We now train the model and test it on a finite number of sequences.

In [13]:

from keras.optimizers import Adam

model.compile(optimizer=Adam(lr=0.01, beta_1=0.9, beta_2 = 0.999, decay=0.001), loss='categorical_crossentropy', metrics=['accuracy'])
model.fit([encoder_in_data, decoder_in_data], decoder_target_data, batch_size=batch_size, epochs=50, validation_split=0.2)

encoder_model = Model(encoder_inputs, encoder_states)
decoder_state_input_h = Input(shape=(latent_dim,))
decoder_state_input_c = Input(shape=(latent_dim,))
decoder_states_inputs = [decoder_state_input_h, decoder_state_input_c]
decoder_outputs, state_h, state_c = decoder_lstm(decoder_inputs, initial_state=decoder_states_inputs)
decoder_states = [state_h, state_c]
decoder_outputs = decoder_dense(decoder_outputs)
decoder_model = Model([decoder_inputs] + decoder_states_inputs, [decoder_outputs] + decoder_states)

reverse_input_char_index = dict((i, char) for char, i in input_token_id.items())
reverse_target_char_index = dict((i, char) for char, i in target_token_id.items())

def decode_sequence(input_seq):
    states_value = encoder_model.predict(input_seq)

    #Generate empty target sequence of length 1.
    target_seq = np.zeros((1, 1, num_decoder_tokens))
    #Get the first character of target sequence with the start character.
    target_seq[0, 0, target_token_id['\t']] = 1.
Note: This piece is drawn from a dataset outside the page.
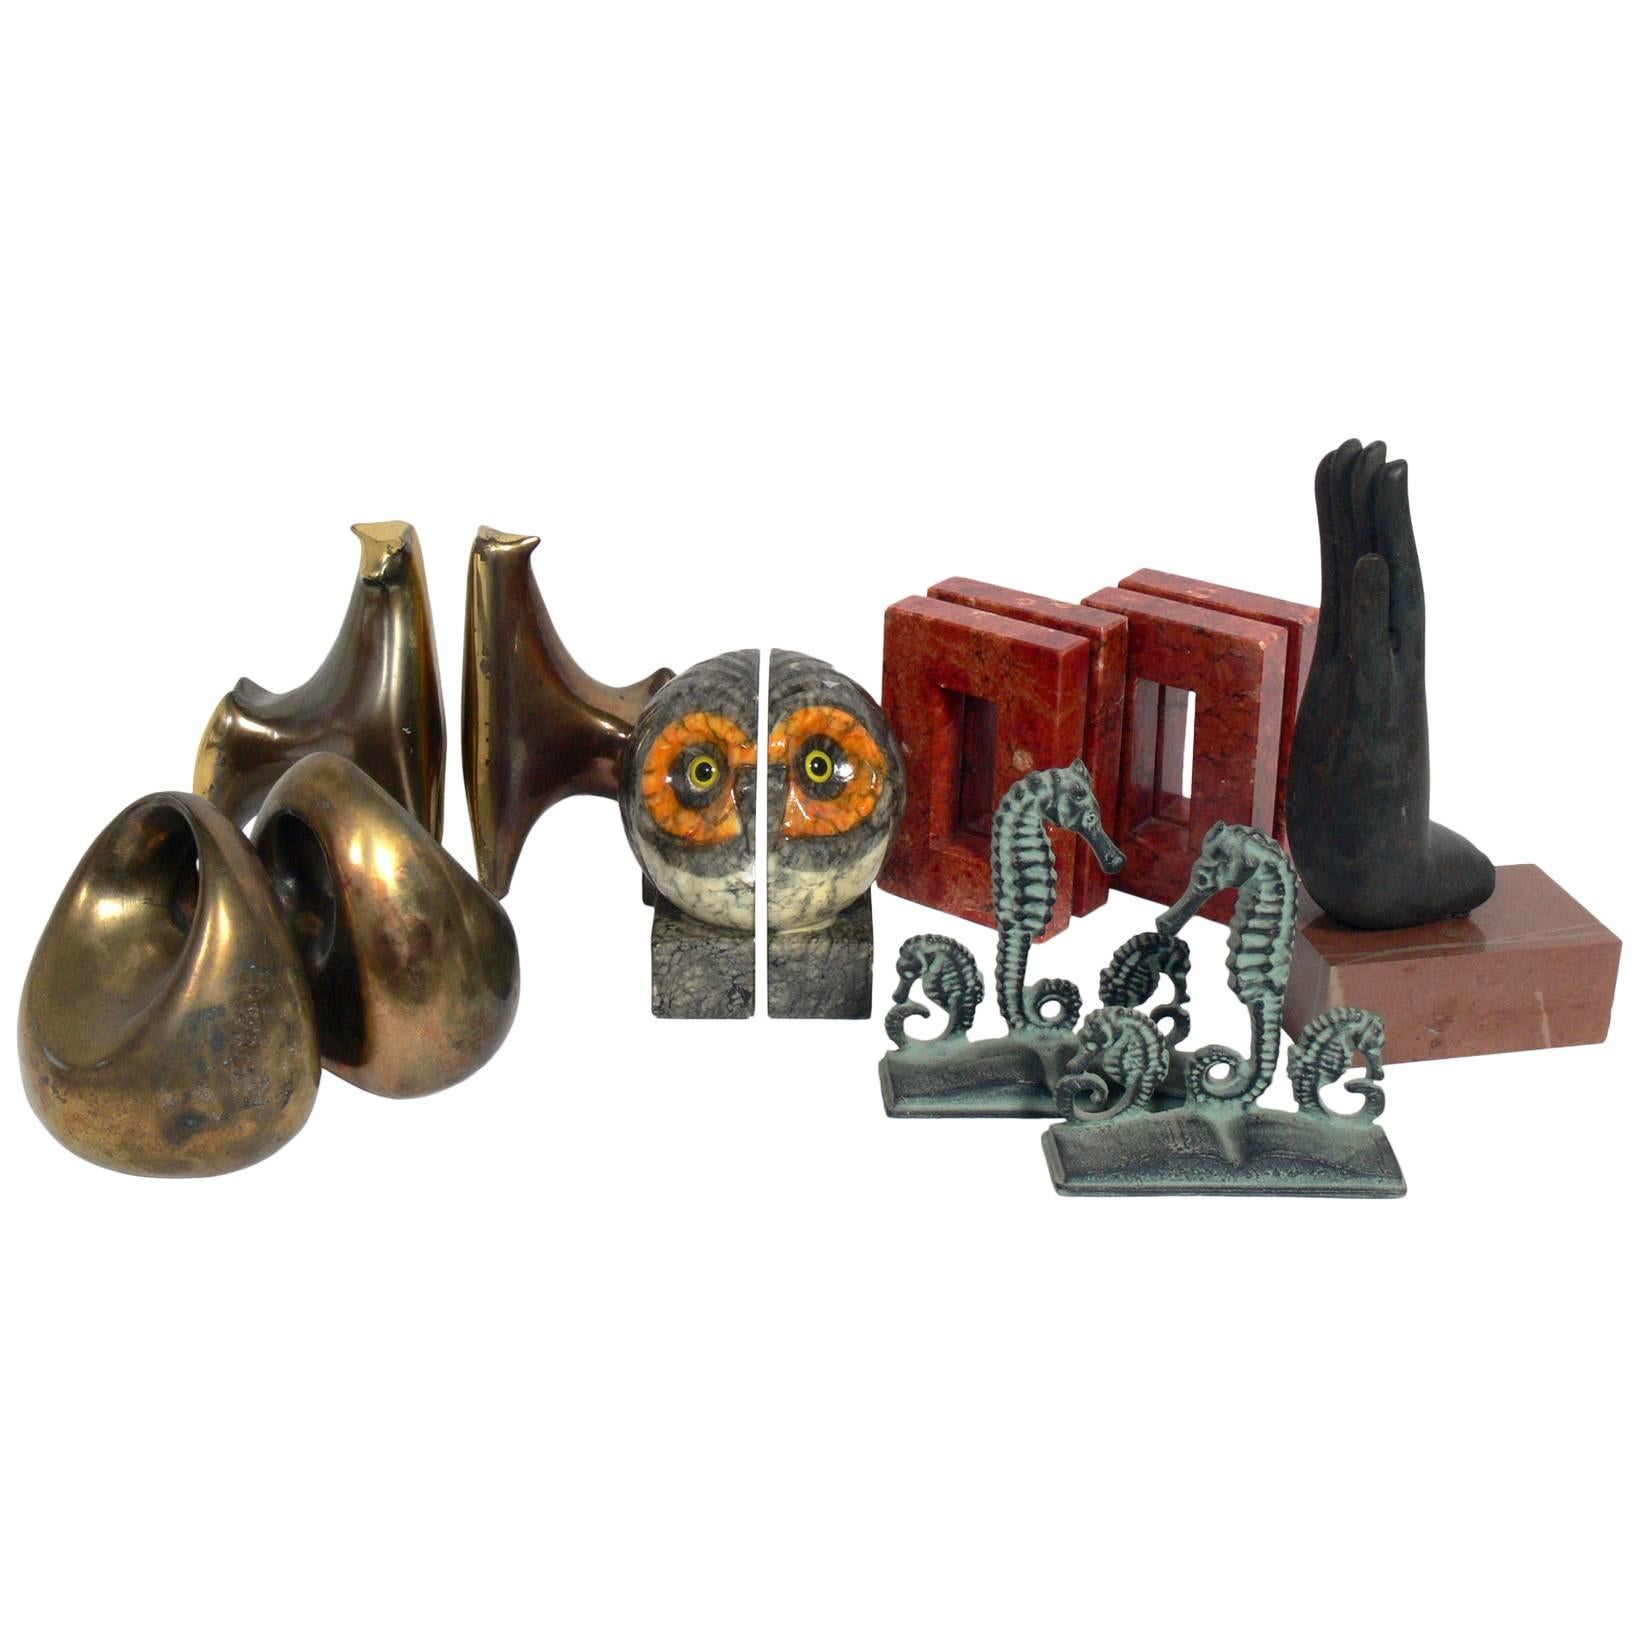 Selection of Mid Century Modern Bookends

    #Sampling loop for a batch of sequences
    #(to simplify, here we assume a batch of size 1).
    stop_condition = False
    decoded_sentence = ''
    while not stop_condition:
        output_tokens, h, c = decoder_model.predict([target_seq] + states_value)

        #Sample a token
        sampled_token_index = np.argmax(output_tokens[0, -1, :])
        sampled_char = reverse_target_char_index[sampled_token_index]
        decoded_sentence += sampled_char

        #Exit condition: either hit max length
        #or find stop character.
        if (sampled_char == '\n' or
        len(decoded_sentence) > max_decoder_seq_length):
            stop_condition = True

        #Update the target sequence (of length 1).
        target_seq = np.zeros((1, 1, num_decoder_tokens))
        target_seq[0, 0, sampled_token_index] = 1.

        #Update states
        states_value = [h, c]

    return decoded_sentence



for seq_index in range(10):
    input_seq = encoder_in_data[seq_index: seq_index + 1]
    decoded_sentence = decode_sequence(input_seq)
    print('-')
    print('Input sentence:', input_texts[seq_index])
    print('Decoded sentence:', decoded_sentence)



Epoch 1/50
Epoch 2/50
Epoch 3/50
Epoch 4/50
Epoch 5/50
Epoch 6/50
Epoch 7/50
Epoch 8/50
Epoch 9/50
Epoch 10/50
Epoch 11/50
Epoch 12/50
Epoch 13/50
Epoch 14/50
Epoch 15/50
Epoch 16/50
Epoch 17/50
Epoch 18/50
Epoch 19/50
Epoch 20/50
Epoch 21/50
Epoch 22/50
Epoch 23/50
Epoch 24/50
Epoch 25/50
Epoch 26/50
Epoch 27/50
Epoch 28/50
Epoch 29/50
Epoch 30/50
Epoch 31/50
Epoch 32/50
Epoch 33/50
Epoch 34/50
Epoch 35/50
Epoch 36/50
Epoch 37/50
Epoch 38/50
Epoch 39/50
Epoch 40/50
Epoch 41/50
Epoch 42/50
Epoch 43/50
Epoch 44/50
Epoch 45/50
Epoch 46/50
Epoch 47/50
Epoch 48/50
Epoch 49/50
Epoch 50/50
-
Input sentence: cos(x)
Decoded sentence: x**4/                                            
-
Input sentence: cos(x)
Decoded sentence: x**4/                                            
-
Input sentence: sin(x)
Decoded sentence: x**4/                                            
-
Input sentence: cos(x)
Decoded sentence: x**4/                                            
-
Input sentence: exp(x)
Decoded sent

As we can see the model performs pretty poorly. The following steps can significanlty improve it's performance

1. Increasing size and range of dataset - Currently it has singular permuations of the main functions - cosx, sinx, tanx, and the exponential. By permuting over every combination and to a power of 6, we can create a much larger and improved dataset with a size of upto a thousand entries. This will give our model a lot more time to fit to the data and learn the patterns. 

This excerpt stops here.